This 2-day advanced-level course will critically analyse the regulations covered in our 2-day introductory course Understanding the Medical Device Regulation by answering the following questions; what is the process, and what do I need to include to meet regulatory expectations?
These questions will be answered in the context of technical documentation, the vigilance system, the regulatory hierarchy in the EU, labelling, clinical evaluations and investigations, post-market surveillance and post-market clinical follow-up studies.

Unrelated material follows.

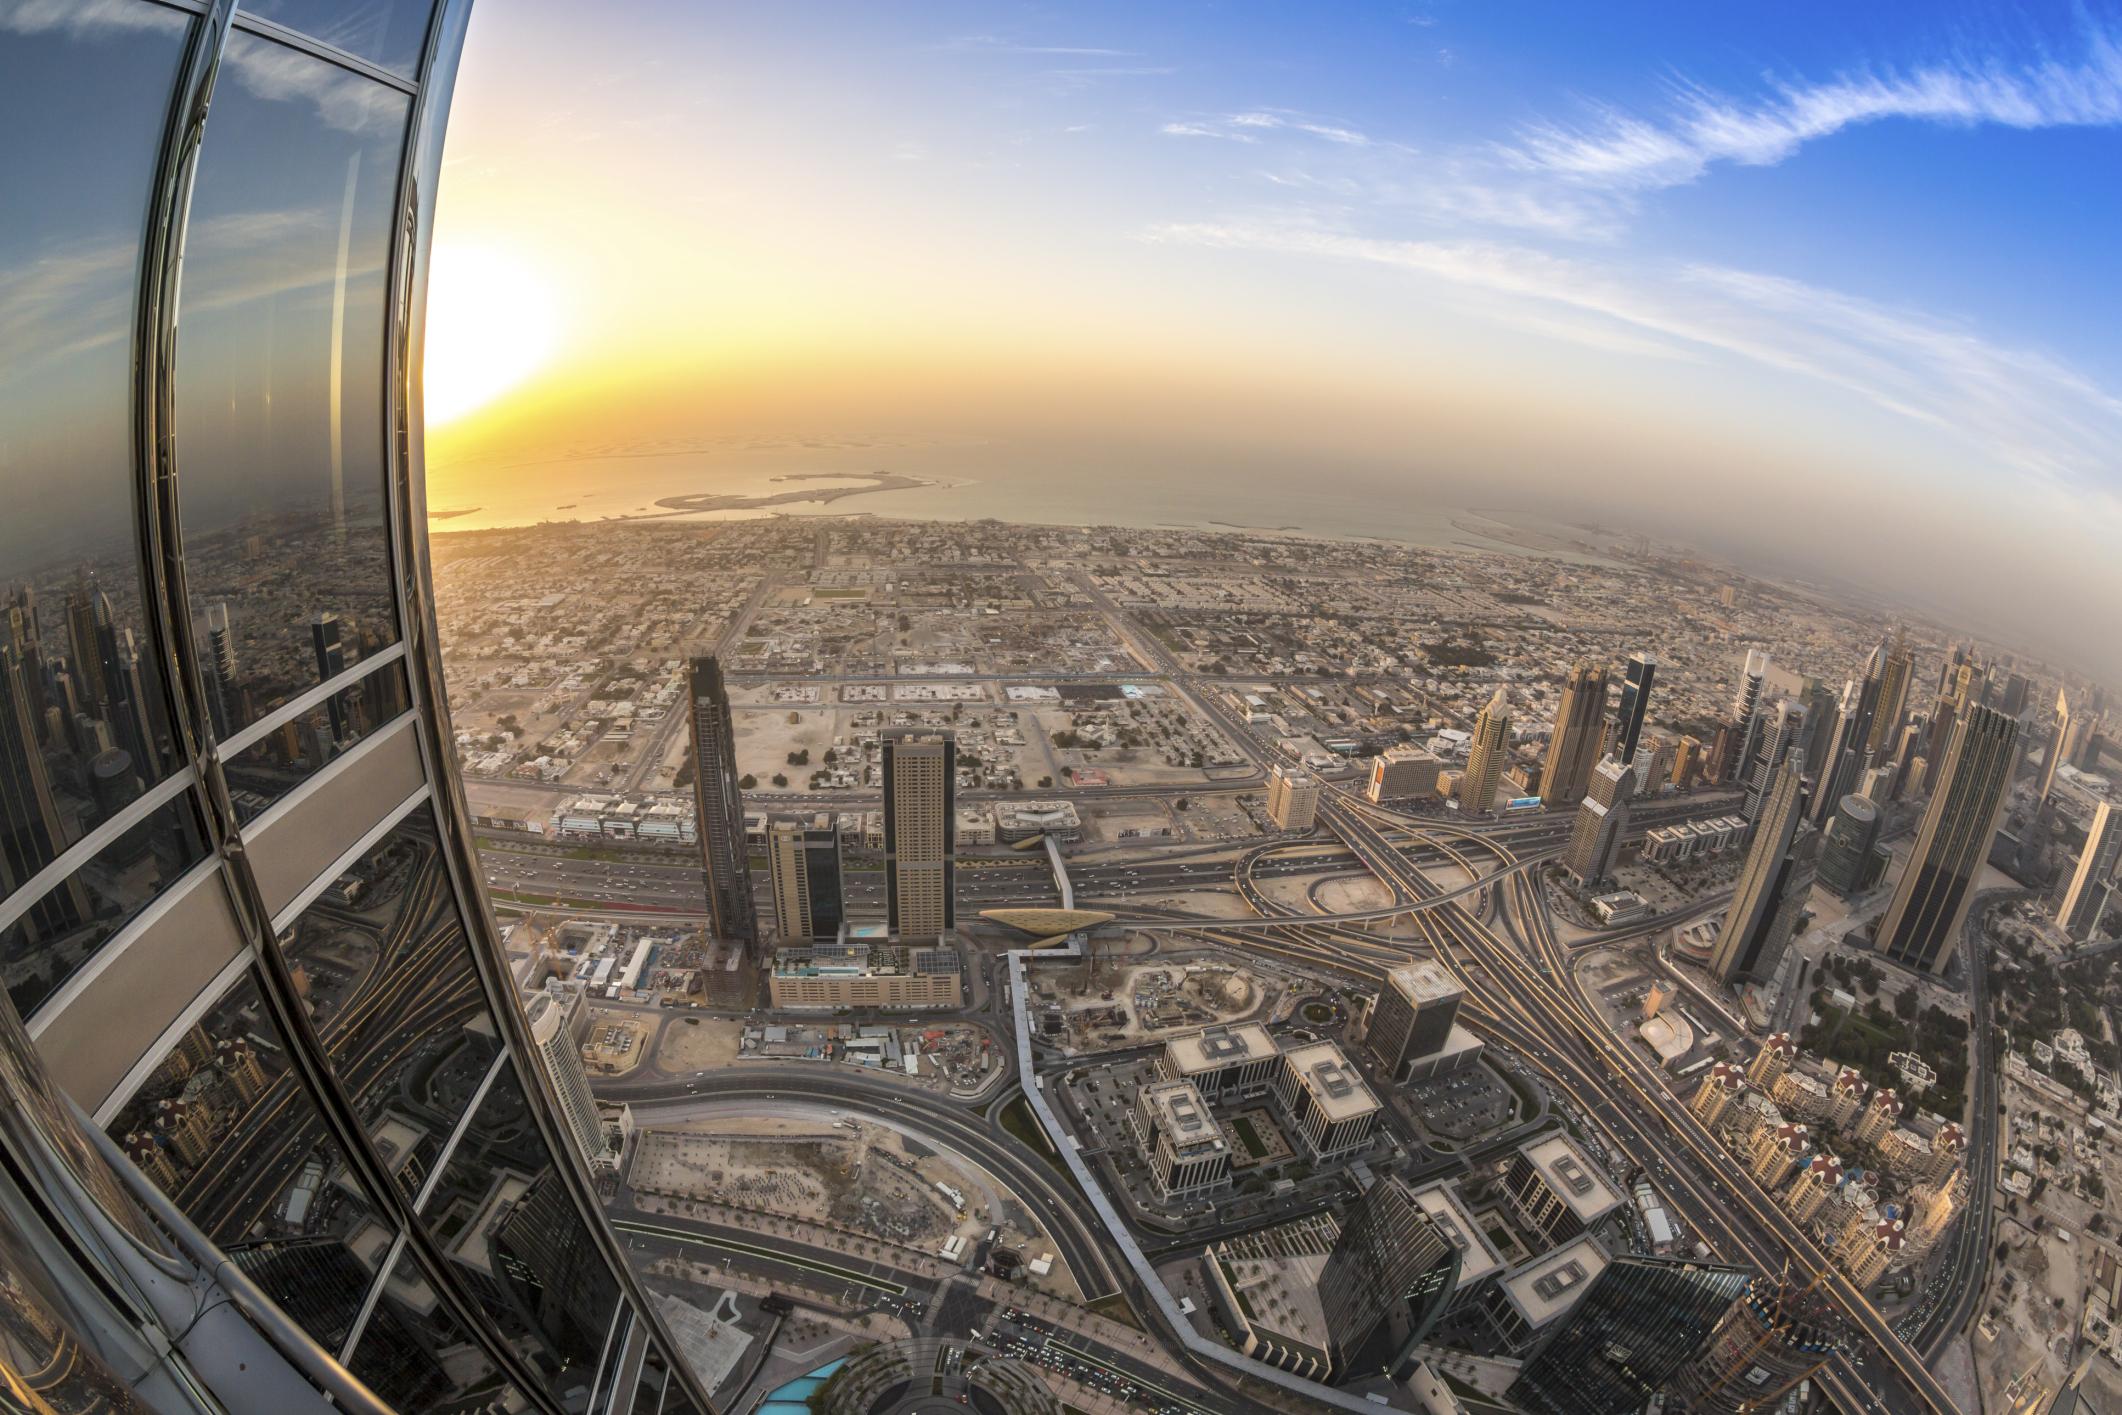 Смотровая площадка Бурдж Халифа, Небоскреб Бурдж Халифа, Дубай, ОАЭ, Ближний Восток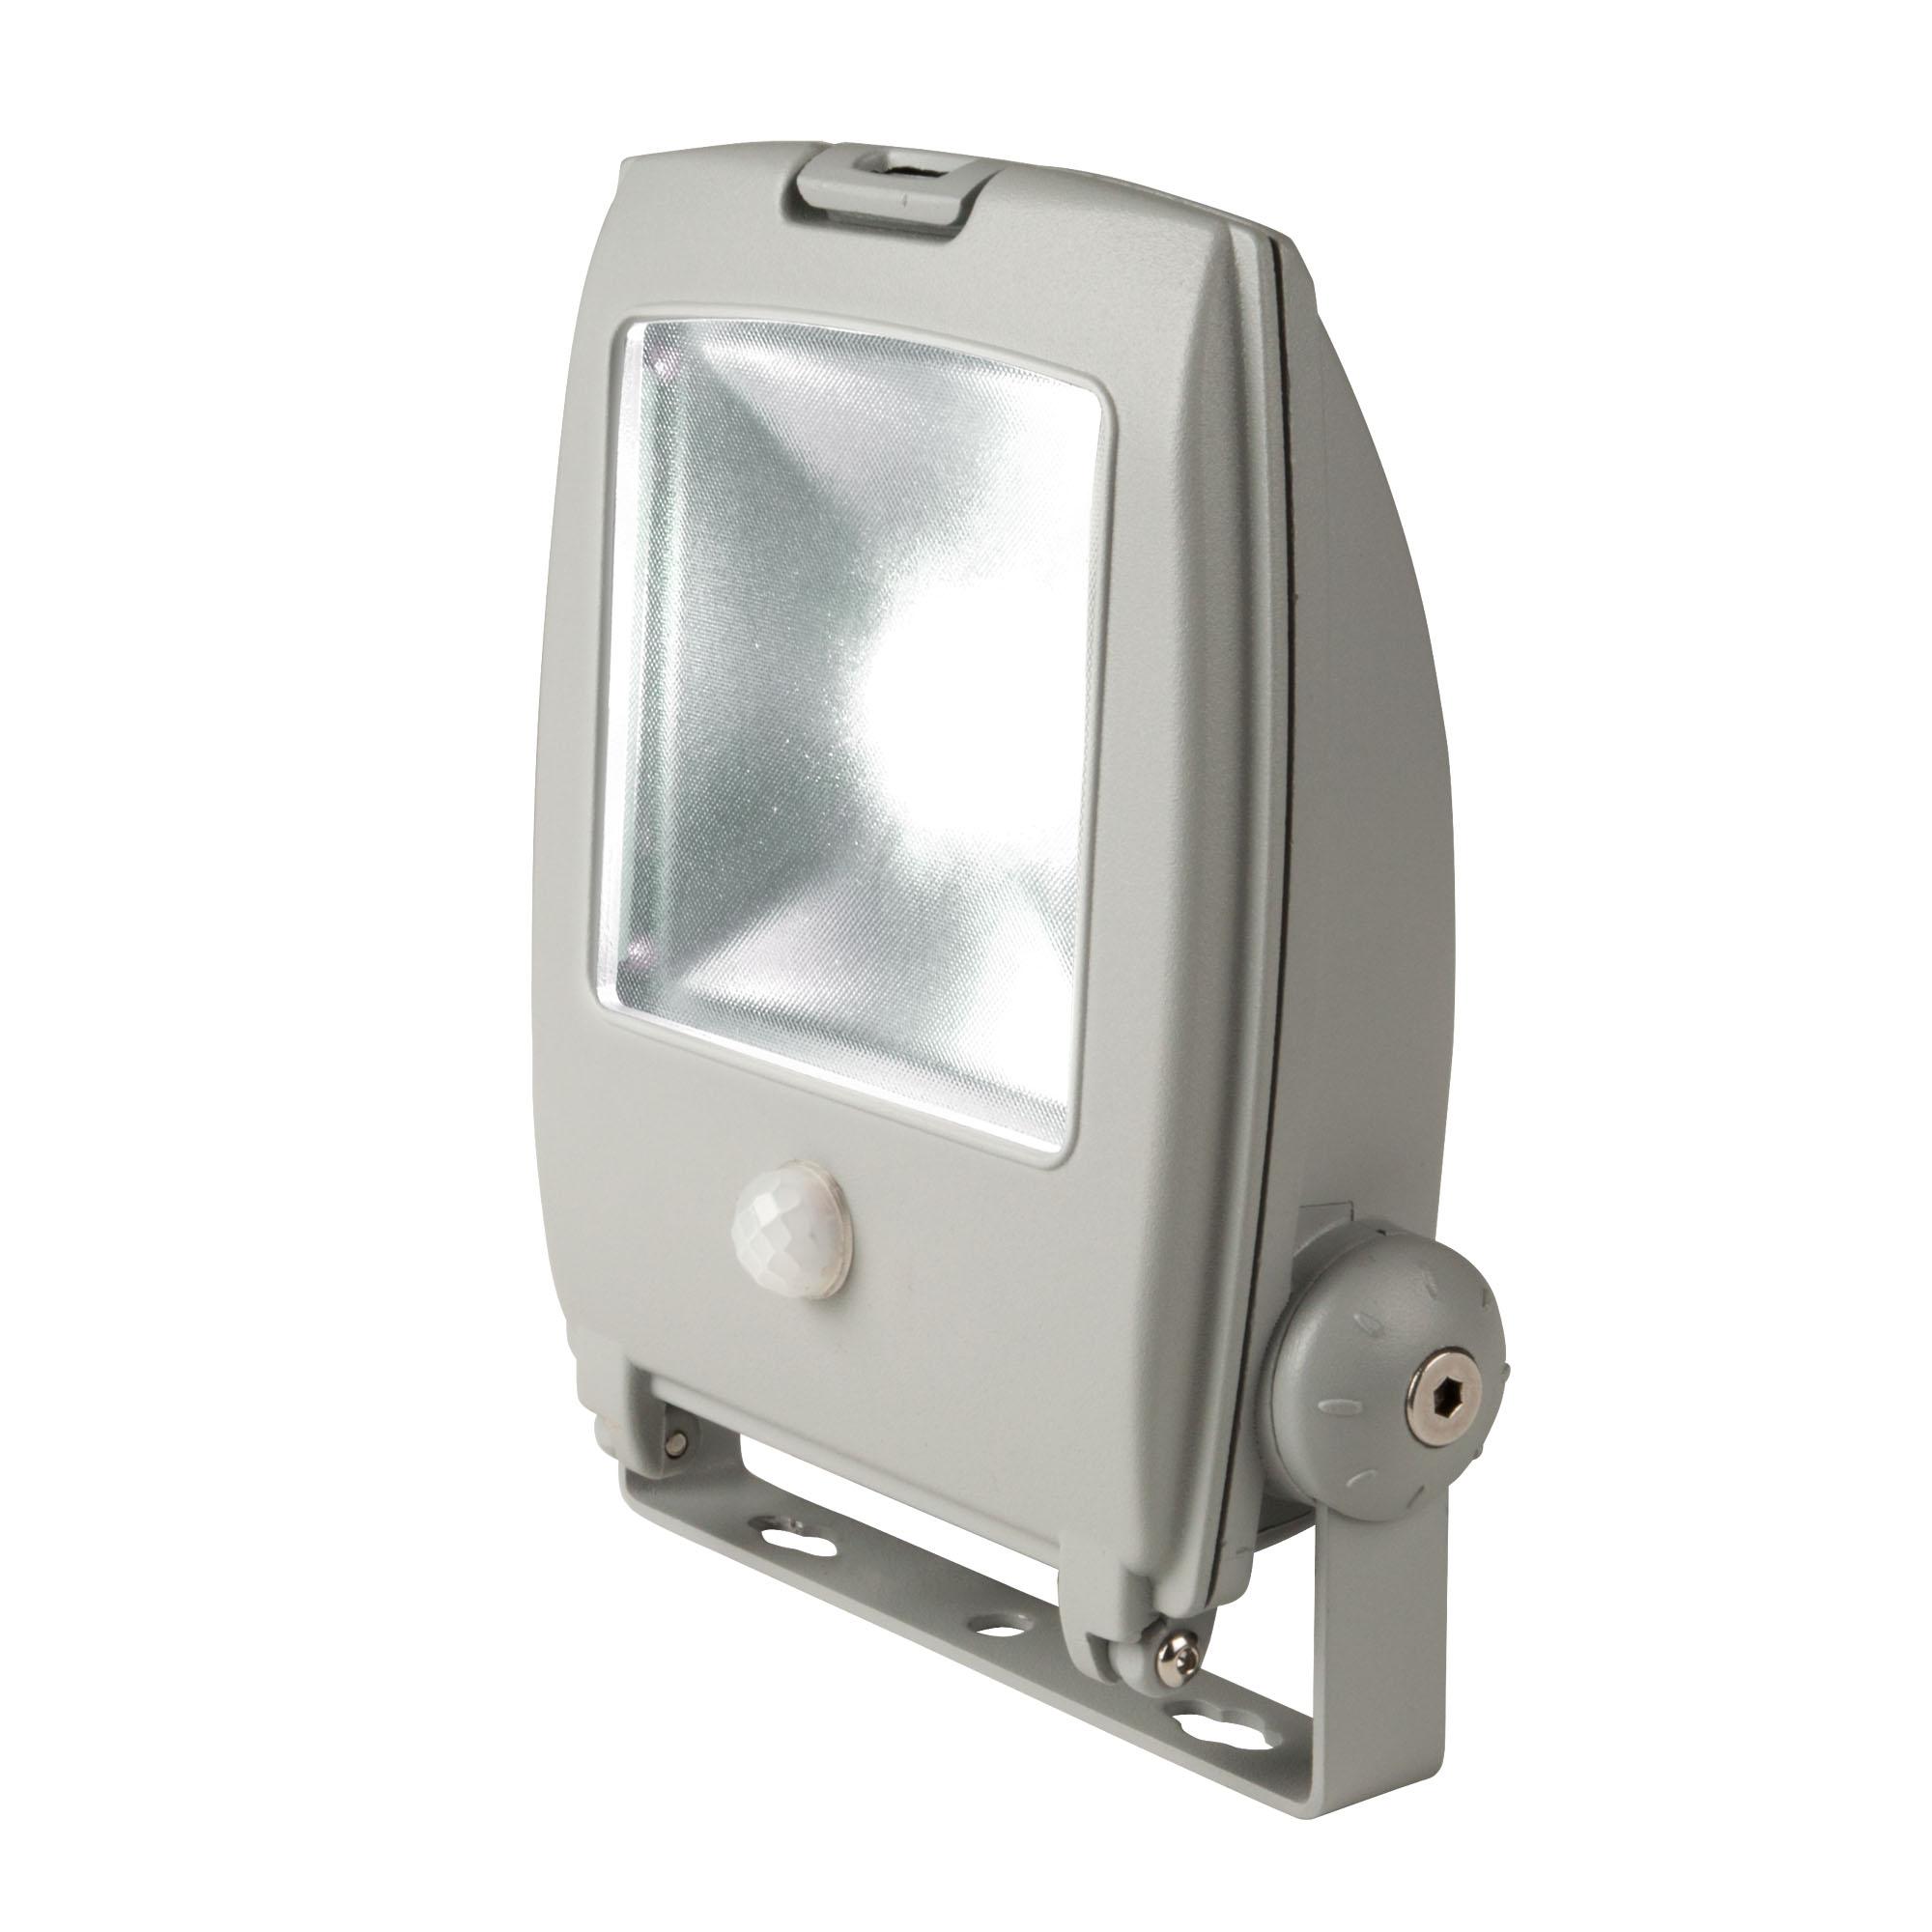 Прожектор светодиодный Uniel Ulf-s22-10w/ww sensor ip65 110-240В

In addition, this course will critically examine the Medical Device Regulation (MDR) by outlining the reasons for its development, the key regulatory updates to be aware of and what changes the industry must facilitate to ensure continuing compliance for their products.
Delegates will be able to cement this knowledge through case studies and practical exercises, with additional time on the course provided to discuss the implications of Brexit.
Richard Young has over 20 years’ experience in the medical device industry with products such as class 3 implants to electromedical infusion systems. He has extensive experience in regulatory affairs, GMP (quality), GLP (laboratory testing) and clinical affairs. Richard has held various positions within industry such as QA/RA Manager and Director Quality Assurance and Regulatory Compliance at various companies including Biomet, Plasma Surgical and Zimmer Limited
This course is aimed at individuals with a minimum of 3 – 5 years’ experience or those who are a senior level within regulatory affairs for medical devices as the course focuses on managerial and leadership development.